The whole "flood thing" is the result of very old garbled stories from around 11,000 BCE, when the last ice age retreated, causing global sea level to rise dramatically (several tens of metres) in a relatively short period of time. While the rise was generally gradual, it was punctuated with occaisinal rapid spurts, and the climate change at the time would have caused increased rainfall in many parts of the world, and increased drought in others. In Australia, very few Aboriginal tribes have flood myths, except those who have lived near the sea, and Australia became much drier at the end of the last ice age, hence the lack of flood stories. The same for most of Africa - those cultures already living far inland have no flood myths, those that were disposessed by sea level rise do. An area of land the size of the USA in coastline disappeared under the sea in a period of a few hundred years. People living on the coastline retreated inland, and relayed tales of their lands being swallowed up by the sea, as they moved futher inland. Over many generations these stories naturally were embellished, mutated, evolved and diverged. None of the people who were already living inland when this sea level rise occured have retained any stories of floods, but the people that do have wildly varying stories, with the only common theme being rising water levels. Some flood myths involve rain, some don't.

 

Actually, in the biblical story of Noahs ark, God instructs Noah to gather "two of each beast that is unclean, and seven of each beast that is clean" (it might be the other way around, I'm quoting from memory). That is a hell of a lot of animals to pack into one little boat, considering there are an estimated 5 - 15 million species of animal, even considering that half of them are beetles. And then you have to consider that for most species, the minimum viable population size is >500. Some animals need several thousand individuals to survive. Then there is food - you need to feed these buggers, some animals consume their body weight in food each day, some have very particular diets.

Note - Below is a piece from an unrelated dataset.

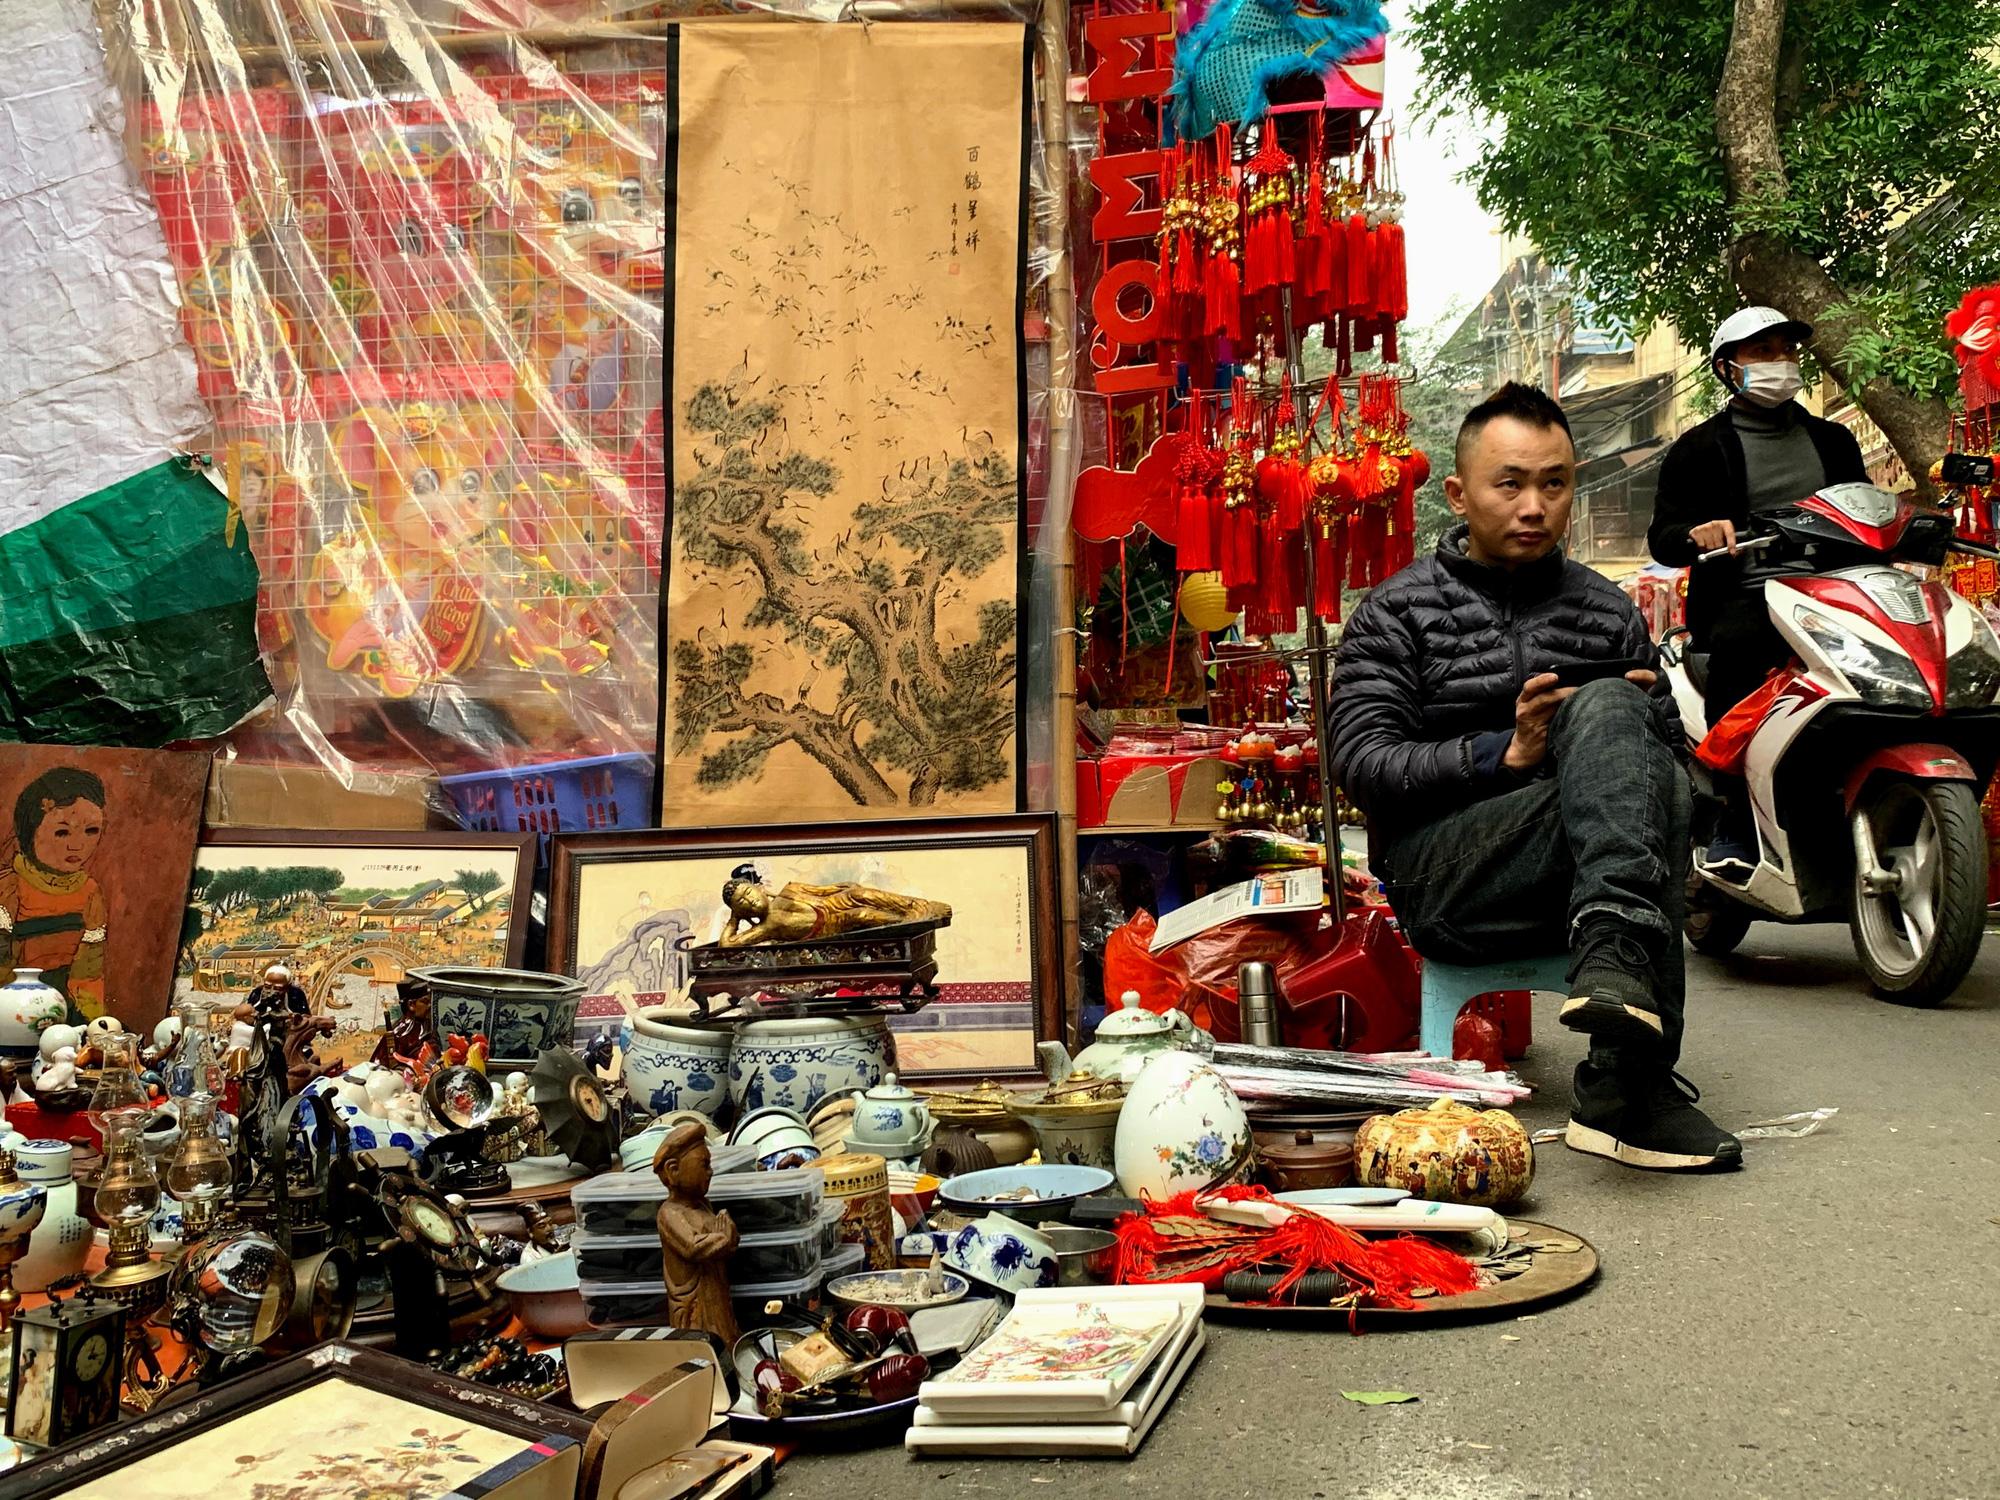 Chiều cuối năm, đột nhập chợ hoa xuân xem người Hà Nội sắm Tết - Ảnh 27.
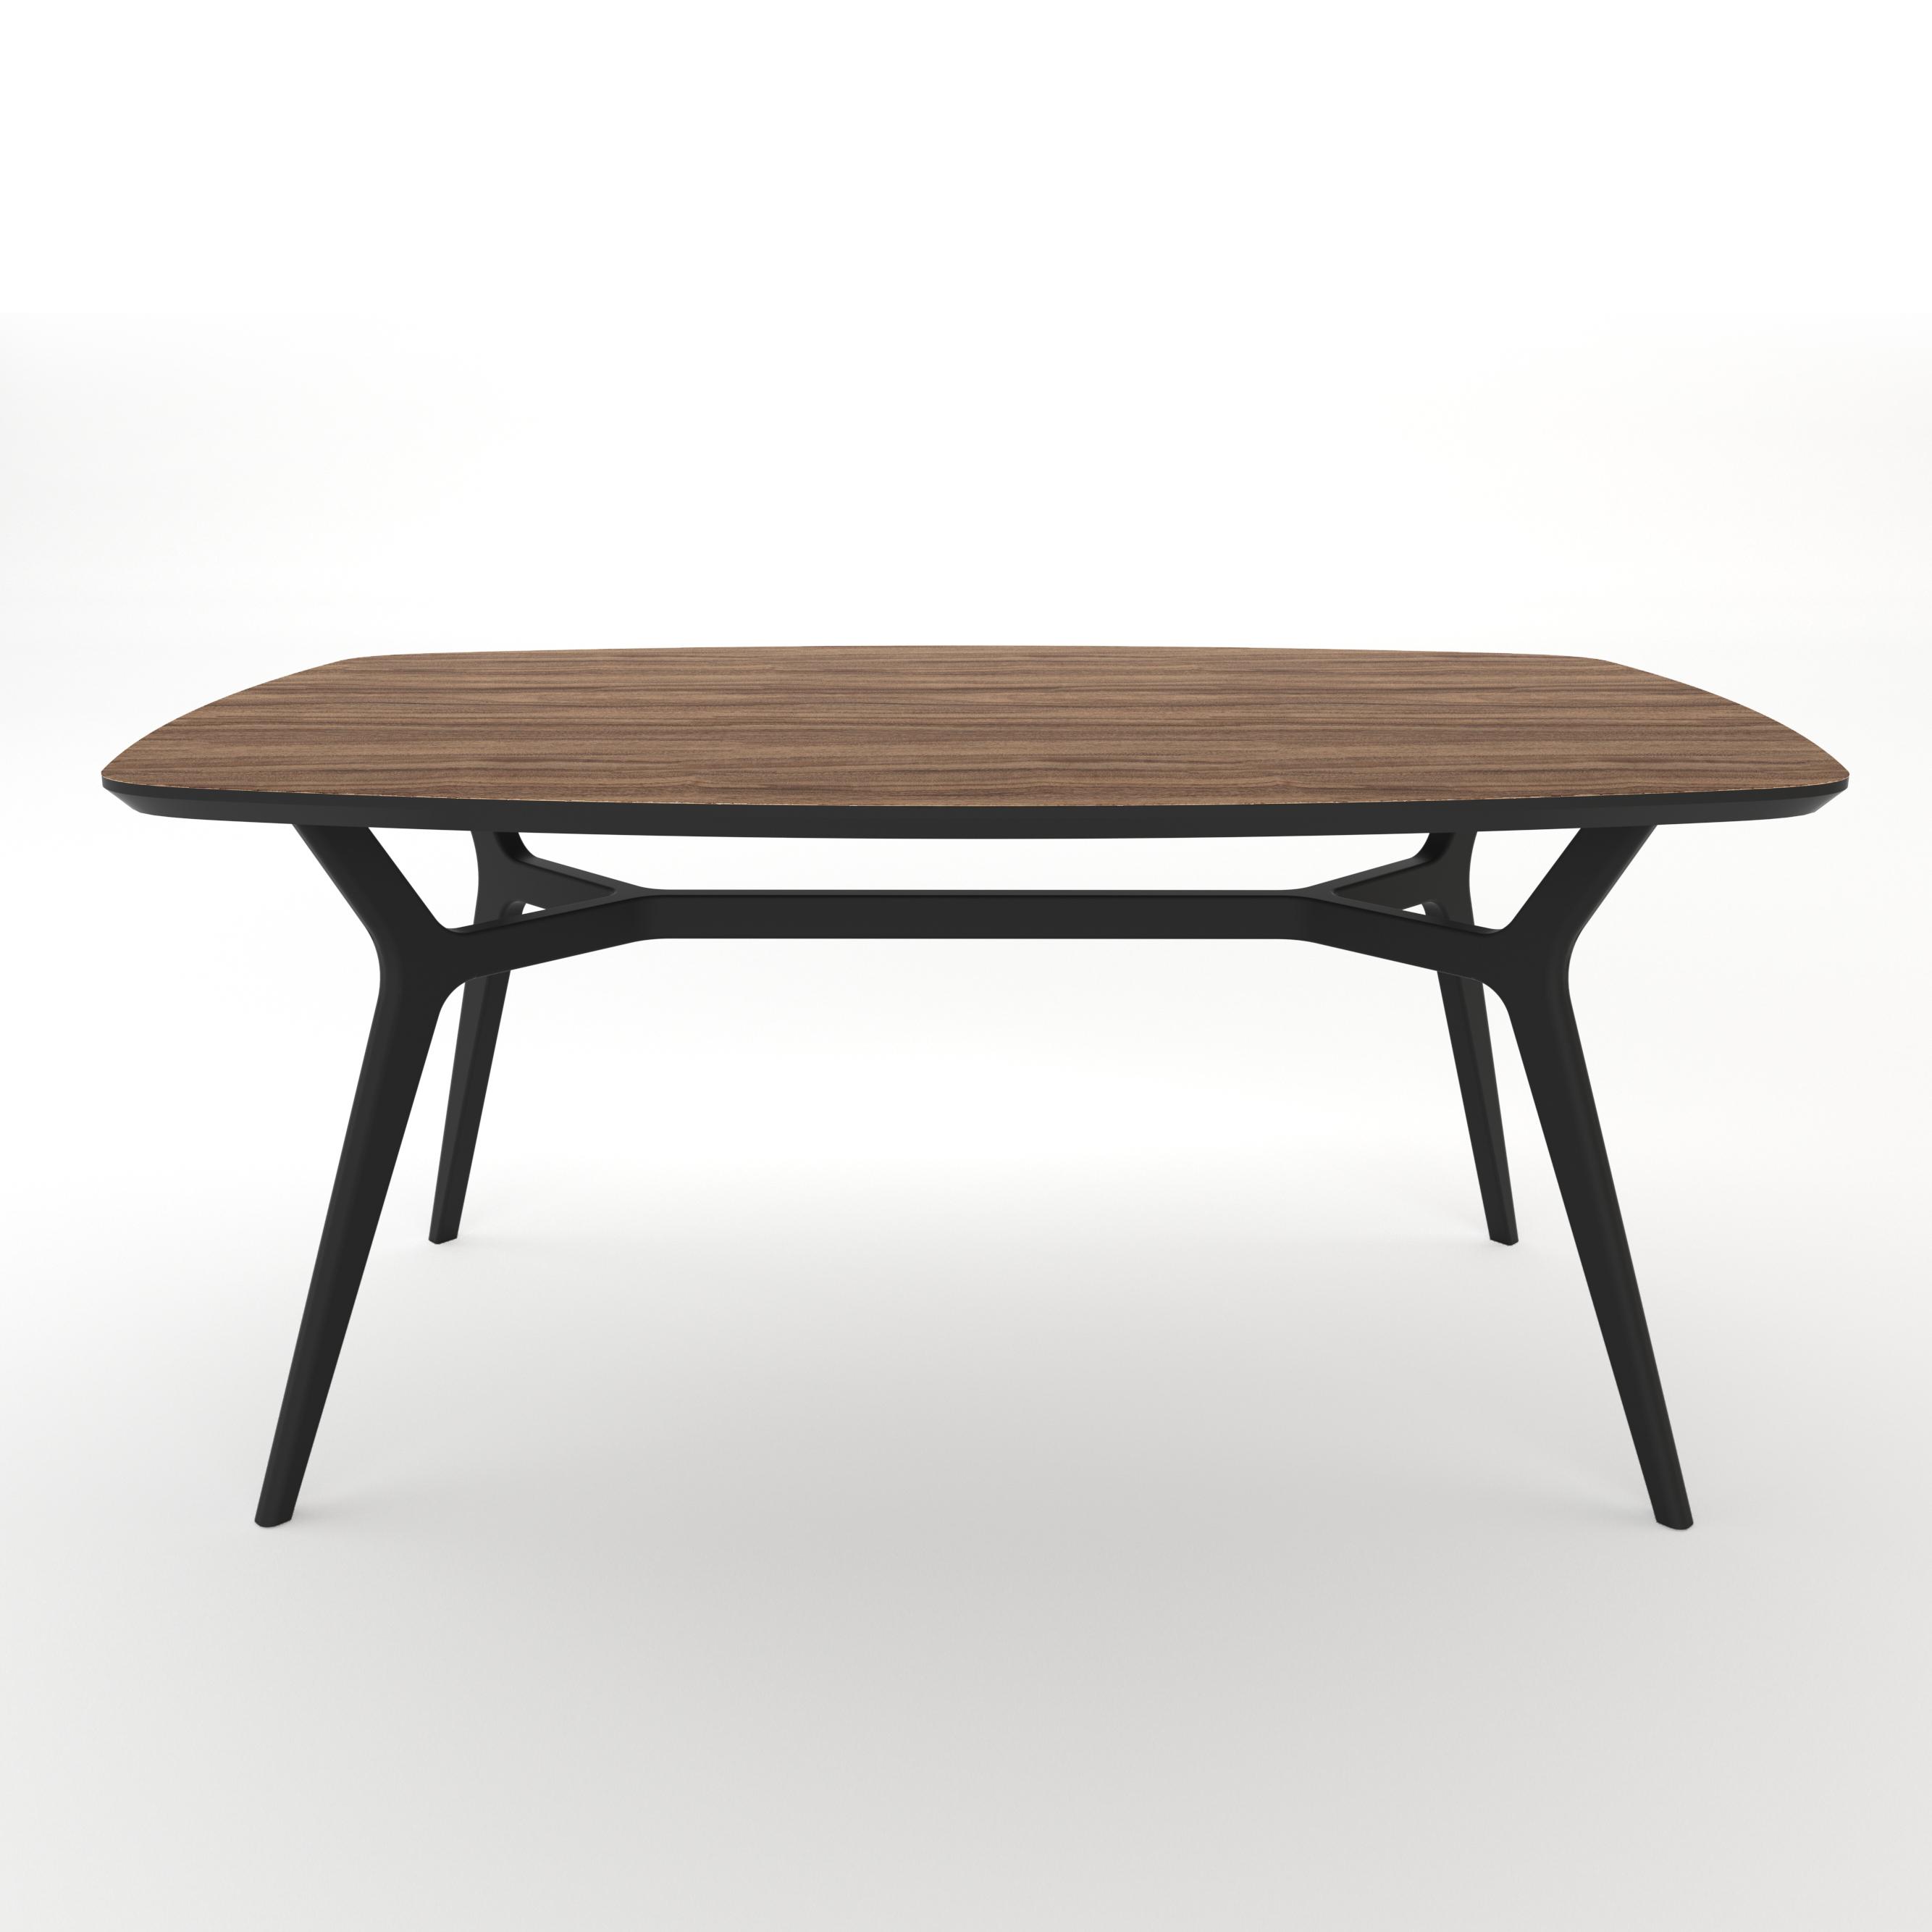 Стол JohannОбеденные столы<br>Тщательная проработка деталей и пропорций стола позволяет ему идеально вписаться в любой интерьер.&amp;amp;nbsp;&amp;lt;div&amp;gt;&amp;lt;br&amp;gt;&amp;lt;/div&amp;gt;&amp;lt;div&amp;gt;Отделка столешницы шпоном ореха, подстолье выкрашено в  цвет графит. Сборка не требуется. &amp;lt;/div&amp;gt;<br><br>Material: МДФ<br>Width см: 160<br>Depth см: 100<br>Height см: 75

Most non-fundamentalist Christians are reasonable enough to concede that Genesis is a mythological story, and didn't actually happen.

 

The story of Noah predates the Bible by several thousand years, it is found in the Sumerian myths in various forms, and these people were totally unrelated to the Semitic tribes that borrowed their mythology. It is probably based loosely on fact in the sense that some farmer noticed that the sea level was rising, and thought it might be worthwhile loading his cattle and other livestock into a boat in case it got hairy. He survives, has some kids, several thousand years later his offspring have proliferated and exagerated the story now distorted out of all proportion.

 

Zachaeus: "If you think that any experience of any higher beings can't be anything other than a malfunction of the brain, then I guess there's not much point in any further discussions about it."

 

I didn't say it couldn't be anything else, but that is the most liklely of all the possibilities. Many ancient societies did not recognise mental diseases like schizophrenia, instead, schizophrenics were (and still are in some societies) treated as people with a special conduit to God, or the spirit world. They didn't understand that when these people heard voices, or saw things that weren't there, that it was an error of their brain, they thought the voices were God, or spirits. Shamans, prophets, witchdoctors, priests throughout history have deliberatley induced visions (hallucinations) by starving themselves for days, weeks even, wandering around in the hot desert sun, consuming hallucinagenic compounds, and various other activities known to cause the brain to malfunction.

 

Now, it is possible, however unlikely, that when some people say they are hearing the voice of what they think is God, that they really are hearing something and it isn't their brain being wierd. But they have no way of determining the veracity of anything that voice tells them, so to simply believe a mysterious voice or a character in a strange dream is just stupid, especially if it tells you a fanciful story that can in no way be verified. The voice could be anything - a pixie sitting in their ear, a dimensional rift, who knows. So to then be so certain about it that you construct an elaborate belief system around it requires that you depart with a fairly large chunk of reason and sanity.

 

@ John D. : I would be curious to know what precipitated your religious epiphany, if it wasn't indoctrination as a child, or TV evangelists, or born-again cults knocking at your door. Why not Islam, or Rastafarianism? God apparently tells a lot of wildy different (not to mention contradictory) stories to different people, or so the people who claim to have spoken with him claim - on what do you base your version of belief?

 

Or did you just keep a childhood imaginary friend into adulthood?

 

Do you have any basis for your beliefs without reference to a Bible or Koran, or some other document? Can you follow your beliefs though a consistent line of reasoning, based soley on observations of the natural world? Did God speak to you personally? If you think He did, how do you know it wasn't an imposter (a Demonic spirit falsely claiming to be God, or a cheeky little Leprechaun trying to trick you, for example)?

 

If you want to claim extroadinary things, like imaginary friends killing their children and thus 'saving' the world, you had better have some pretty extroadinary evidence to back it up, and no, absence of evidence for evolution in the form of something you don't understand about it does not constitute evidence for your imaginary friend creating life. You can't rely on dubious anecdotes, like "my Grandma saw an angel and it told her to move to so and so, and it all turned out well..." You need positive evidence that stands on its own, and can be independently studied and verified by anyone (at least in principle) - you can't say, "well, gee I can't quite figure this out yet, science isn't advanced enough at the moment, or we may never know, so therefore God did it!". It is a patent abuse of reason, and a cop out.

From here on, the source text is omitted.